While that was the original inspiration, practical use expanded when liberated beyond design of a synthetic synapse.
There are a few varieties of how neural nets “learn” and a few variants including whether additional storage beyond internal weights are involved or not. One of the oldest and perhaps most widely studied by university undergraduates since late 1970’s is the backpropagation algorithm.
Other types widely discussed in the literature include recurrent neural networks (RNN).
Google’s TensorFlow system contains a particular variant of RNN within [SyntaxNet].
SyntaxNet– due to being a machine learning approach– facilitates a step beyond NLP called Natural Language Understanding (NLU).
NLU offers additional solutions such as resolving pronouns despite complicated context, so the statement:
Mom talked to her sister yesterday.
She said that she’s fine.
A successful NLU approach would identify who is “fine” or at least give a probabilistic weight for each person, “mom” versus “her sister”.
As with so much of this material, there is vastly more to it. This is just getting you acquainted with the terminology and hallmarks of the ideas behind it.

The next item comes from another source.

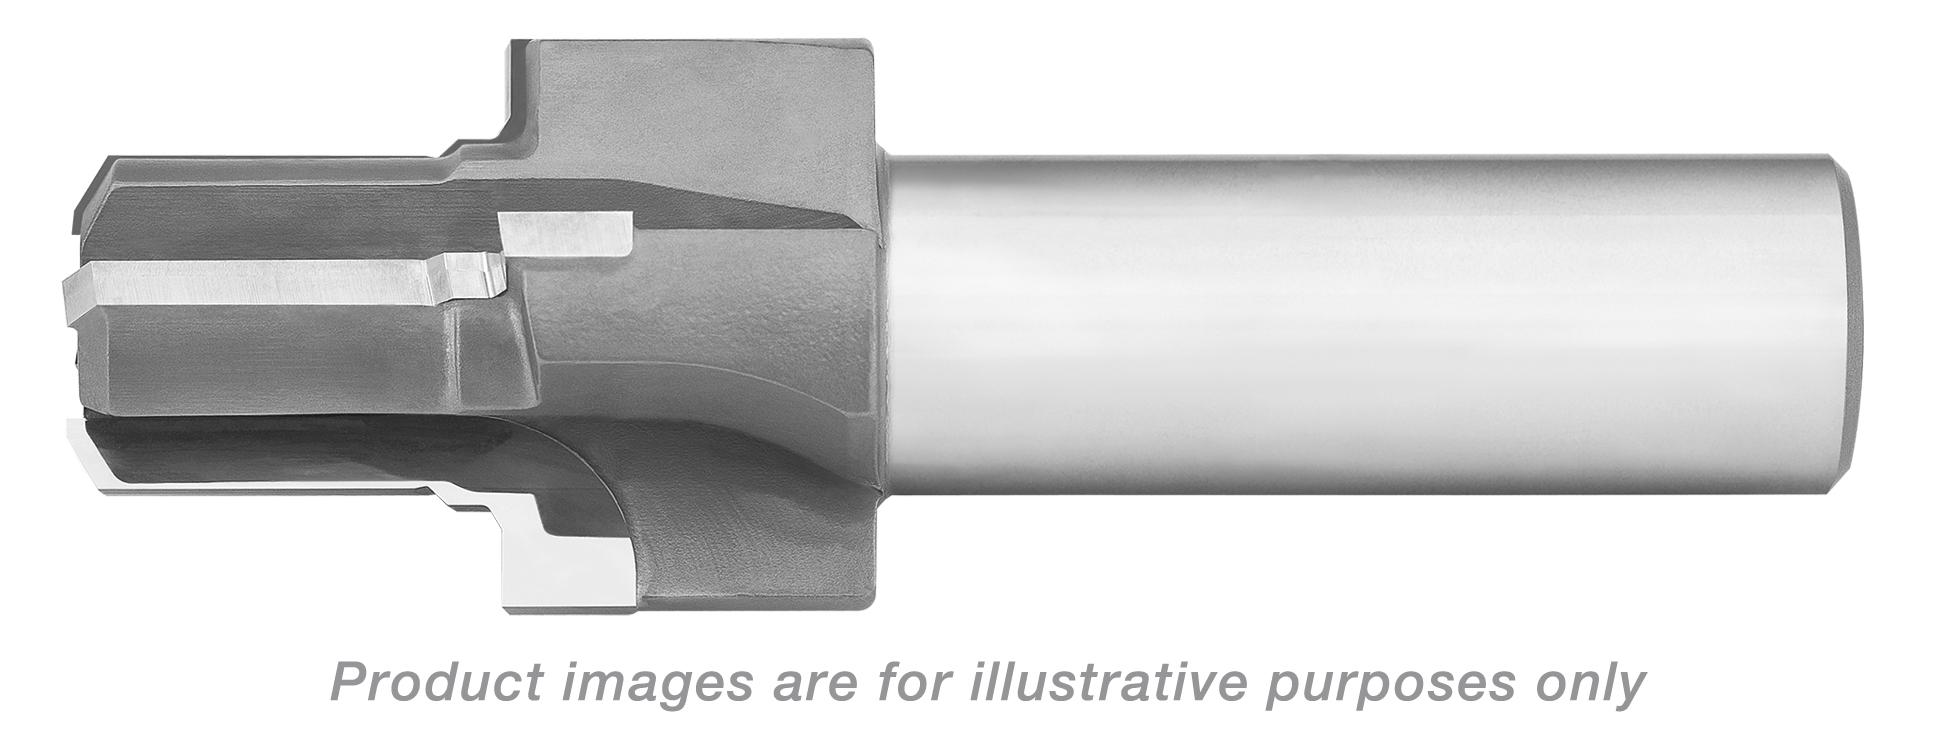 REAMER PILOT PORT TOOL CARBIDE TIPPED 1 1/16-12 THREAD 3/4 TUBE 3.94 OAL

You’ve become acquainted with key concepts and NLP jargon from Part 1.
You’ve grasped a bit of theory in Part 2 that may be taken for granted in white-papers, blogs and websites of NLP practitioners.
Now, you’re ready to begin planning a software development project, building upon those earlier parts in concrete ways.
Practical guidance is given for software development generalists and dev-ops staff using NLP for a specific task.
This is the part that goes beyond “assuming only that you read English”, far beyond.
Essentially, this walks through various stages of a production pipeline that uses NLP effectively.
The most basic idea of how software works:
Something goes in, something comes out, and something is done in the middle.
That is a software pipeline, one which is linear and comprises only three stages.
(Side note: it’s also a directed acyclic graph in terms of Graph Theory, which lends relevant ideas for NLP practitioners for dev-ops and PhD candidates alike.)
Be mindful of your pipeline while designing your system and its workflow. This will pay dividends later.
Questions to ask about the nature of your work-flow:
While a particular library or tool may be ideal to use today, there could be a more appropriate one tomorrow, and this is a very real prospect. Anticipate these substitutions, because NLP is a fast moving field despite relatively crawling until just a few years ago.
Maybe a Unix shell script is sufficient for the pipeline:
That offers very flexible pipeline in about 100 lines of Bash script, or go as fancy and full-featured as you’d like. Erlang is an excellent choice of programming language here because this piece is essentially an exercise in Graph Theory principles.
Having built many types of pipelines, some pragmatic guidance:
Let data flow through the pipeline along with each request.
Then, each component only has to communicate with the pipeline (rather than each component having to know about a majority of other subsystems). It’s more than merely being a microservices architecture.
That approach also helps scaling the people involved in your project, because new staff only have to learn the pipeline beyond the one component that they are working on.
It’s also useful for handling confidential data such as personal health information because data only rests (persists) at either end of the pipeline. Data protections within the pipeline itself are reused by all requests, so there’s less testing and less auditing required.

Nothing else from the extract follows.